そして、心臓の左のオラクルをクリップして、パーフューズが脈管系を出るようにします。次に、注射器ポンプを使用して、0.5ml/分流量でニトロクロスシドナトリウムを血液を洗い流し、血管構造を最大限に拡張し、パーフューズが透明になるまで希釈する。肺膨張ユニットを構築するには、柔軟なプラスチック24ゲージの静脈内カテーテルを浴槽から切断し、蝶の注入セットの針に接続します。
このユニットをストップコックに取り付け、栓コックを50ミリリットルのシリンジに取り付けます。ホルマリンで注射器をロードし、カテーテルをプライミングした後、ストップコックを閉じた状態で、メニスカスが気管の上に20センチメートルあるポイントまで、シリンジをリングスタンドに置きます。2~4ミリメートル離れた2本の緩い縫合糸を、cricoid軟骨より劣り、縫合糸よりも優れた、コリコ甲状腺靭帯の小さな切開を行うためにはさみを使用する。
開口部にカテーテルを挿入し、2つの緩い縫合糸を超えて先端を進めます。気管の周りの縫合線を締め、ホルマリンが重力によって肺に入ることができるようにストップコックを開きます。肺が完全に膨張するまで5分待ちます。
インフレーション中に肺がリブケージに付着する場合は、鈍い先端の鉗子を使用してリブケージの外側をつかみ、肋骨を四方八方に動かして、肺に直接接触することなくローブを解放するのを助ける。5分後、最初の縫合糸とリゲートの後ろのカテーテルを引き込みます。その後、第2縫合糸とリゲートの後ろのカテーテルを引き込む。
肺は閉鎖された加圧状態で膨張する必要があります。血管系をキャストするには、8-1-1溶液のポリマー希釈剤を1ミリリットルのシリンジにロードします。そして慎重にプランジャーを挿入します。
シリンジを反転させた後、プランジャーを押して空気を取り除き、注射器の先端に半月板を形成できるようにします。針のハブからニトロトルシド注射器を取り出し、PBSをハブに滴下して半月板を作成します。高分子化合物シリンジをハブに結合し、1分間に0.02ミリメートルで注入を開始します。
それは肺動脈幹に入る注射器の体積を示して、チューブを通って自由に移動する化合物を監視します。すべてのローブが完全に満杯になるまで、最小の容器まで拡散を続けます。ポンプを停止し、もう一度、シリンジのボリュームに注意してください。
光ファイバークリーニングワイプで肺を覆い、PBSを自由に適用します。試料を室温で30〜40分間邪魔されずに座るようにします。高分子化合物が硬化して硬化したら、手足とマウスの下半分を切断する。

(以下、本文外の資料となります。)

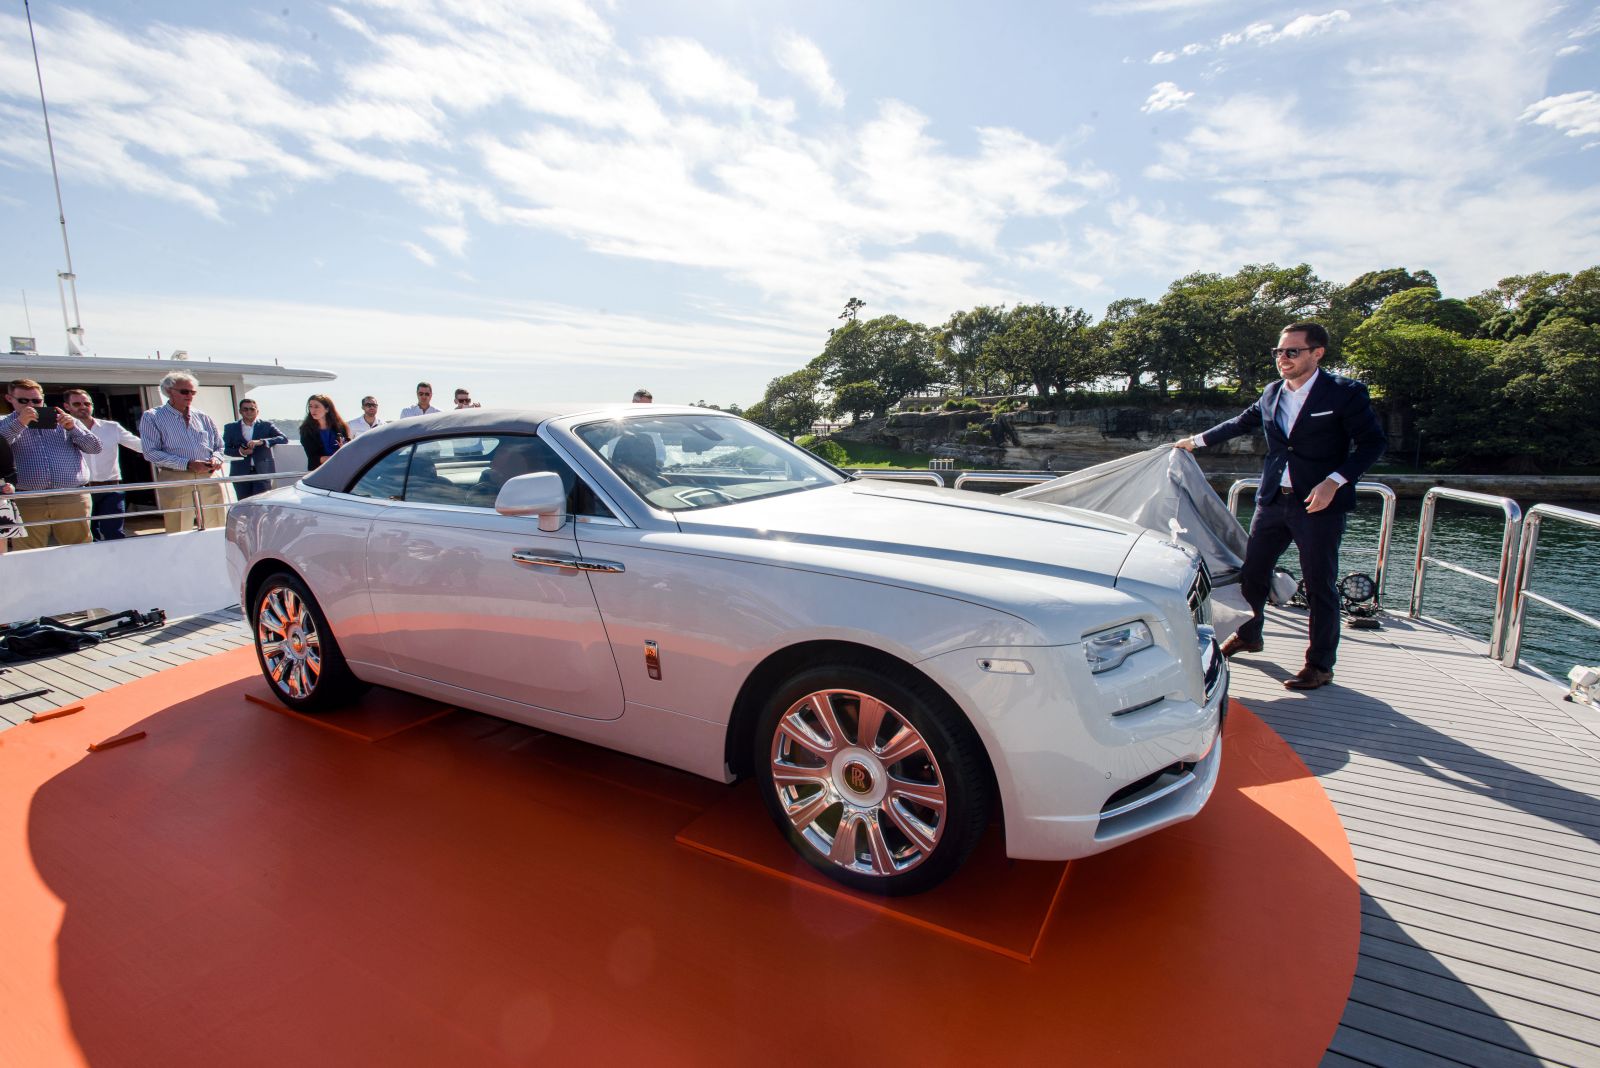 Rolls-Royce Motor công bố phát triển công nghệ mới cho tương lai

そして、頭と胸郭を50ミリリットル円錐状に入れ、10%緩衝ホルマリンを一晩置きます。翌朝、気管をつかんで心臓と肺のユニットを残りの肋骨ケージと胸部から穏やかに分離します。収穫した組織ブロックをホルマリンで満たされたシンチレーションバイアルに入れる。
成功したキャストは、肺動脈ネットワーク全体の均一な充填をもたらす。肺や肺気道に損傷がある場合、小さな漏れは肺が圧力を保持するのを妨げる。パッチ状または不完全な充填は、カテーテルを介して空気が血管系に導入され、化合物の下流流を遮断した結果としてエアロックから生じる可能性がある。
過充填は、あまりにも少ない化合物が血管系に導入されたときに発生します。あるいは、過剰充填、またはあまりにも多くの高分子化合物をあまりにも速く導入すると、動脈破裂、または、より一般的には静脈通過を引き起こす可能性がある。肺幹を下りすぎると、先端が肺動脈枝にくさびを起こし、流れの不均衡が生じ、一方の側が他方よりも速く満杯になる可能性があります。
示されているように、遠位血管系の終点の適切な直接モニタリングを使用して、示された技術の慎重な性能、および標準的な注入率は、肺血管系の最適な充填をもたらすことができます。さらに、この技術を全身血管系に適応させることは、他の血管床でも同様に有利な結果をもたらす可能性がある。鋳造後、マイクロコンピュータ断層撮影スキャン用にサンプルを処理することができます。
後処理では、市販のソフトウェアパッケージを使用して、肺血管樹の3Dボリュームレンダリングを生成することができます。この技術を初めて試すときは、脆弱な肺、および肺動脈の周りに特に注意してください。最も重要なことは、血管回路に空気を導入しないようにします。
成功したキャストに続いて、サンプルはマイクロCTによってスキャンすることができ、血管穿刺および建築に関する質問を探求することができる。